Weak cyber hygiene habits leave organizations more vulnerable to attack. In one instance, an organization failed to require a VPN to access its network. Though the terminal server was located inside the firewall, it was configured with port 80 open to allow for remote connections from employees. As a result, the hacker was able to exploit this flaw by launching brute force attacks.  In several other cases, remote workers set up email forwarding rules to automatically forward work emails to their personal accounts. By exploiting these rules, attackers were able to steal sensitive information. In one specific instance, the attackers found an existing rule that forwarded work emails to the receiver’s personal account and modified it to redirect the emails to their own account.

What to do?

  • Implement conditional access (CA) policies based on your organization’s needs.
  • Establish a baseline for normal network activity within your environment.
  • Routinely review both Active Directory sign-in logs and unified audit logs for anomalous activity.
  • Enforce multi-factor authentication.
  • Routinely review user-created email forwarding rules and alerts or restrict forwarding. Consider restricting users from forwarding emails to accounts outside of your domain.
  • Focus on awareness and training. Make employees aware of the threats, such as phishing scams, and how they are delivered.
  • Establish blame-free employee reporting and ensure that employees know who to contact when they see suspicious activity or when they believe they have been a victim of a cyberattack.
  • Consider a policy that does not allow employees to use personal devices for work. At a minimum, use a trusted mobile device management solution.
  • Have a mitigation plan or procedures in place.

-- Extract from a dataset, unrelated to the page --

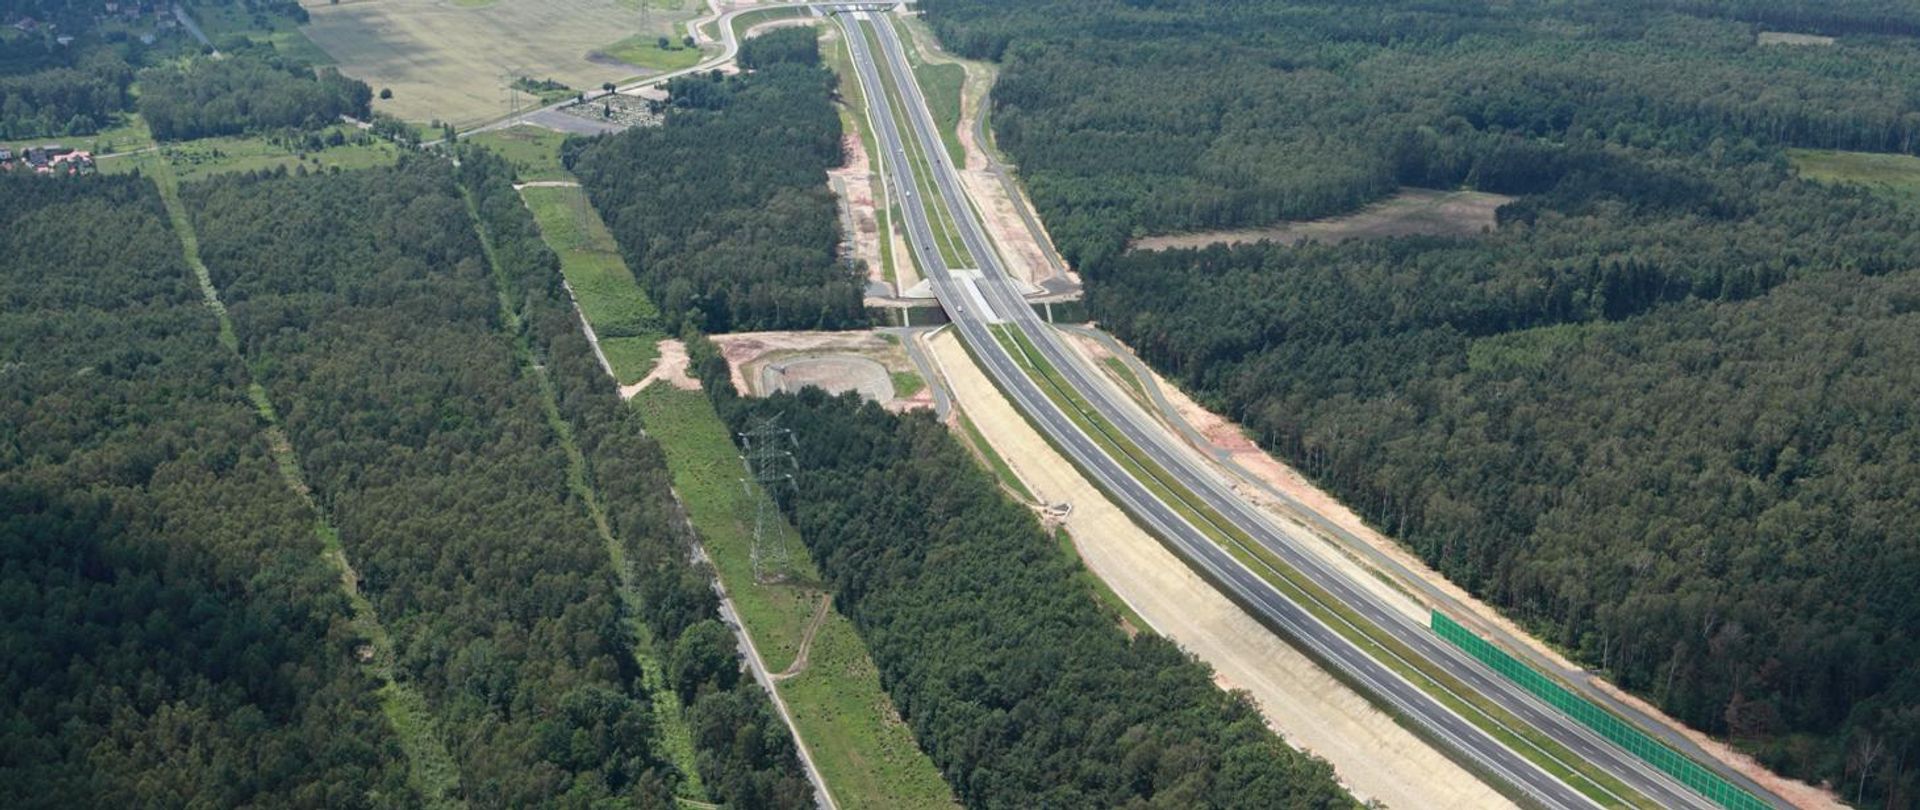 Powstanie ekspertyza i program naprawczy dla autostrady A1 Pyrzowice - Piekary Śląskie

Understand when, how, and why to reset passwords and to revoke session tokens.
  • Verify that all cloud-based virtual machine instances with a public IP do not have open Remote Desktop Protocol (RDP) ports. Place any system with an open RDP port behind a firewall and require users to use a VPN to access it through the firewall.

Further, organizations that use Microsoft 365 should consider the following steps:

  • Assign a few trusted users as electronic discovery (or eDiscovery) managers to conduct forensic content searches across the entire Microsoft 365 environment for evidence of malicious activity.
  • Disable PowerShell remoting to Exchange Online for regular Microsoft 365 users to lower the risk of a compromised account being used to access tenant configurations for reconnaissance.
  • Do not allow an unlimited amount of unsuccessful login attempts. Look into password smart lockout configuration and sign-in activity reports.
  • To investigate and audit intrusions and potential breaches, consider tools such as Sparrow or Hawk, which are open-source PowerShell-based tools used to gather information related to Microsoft 365.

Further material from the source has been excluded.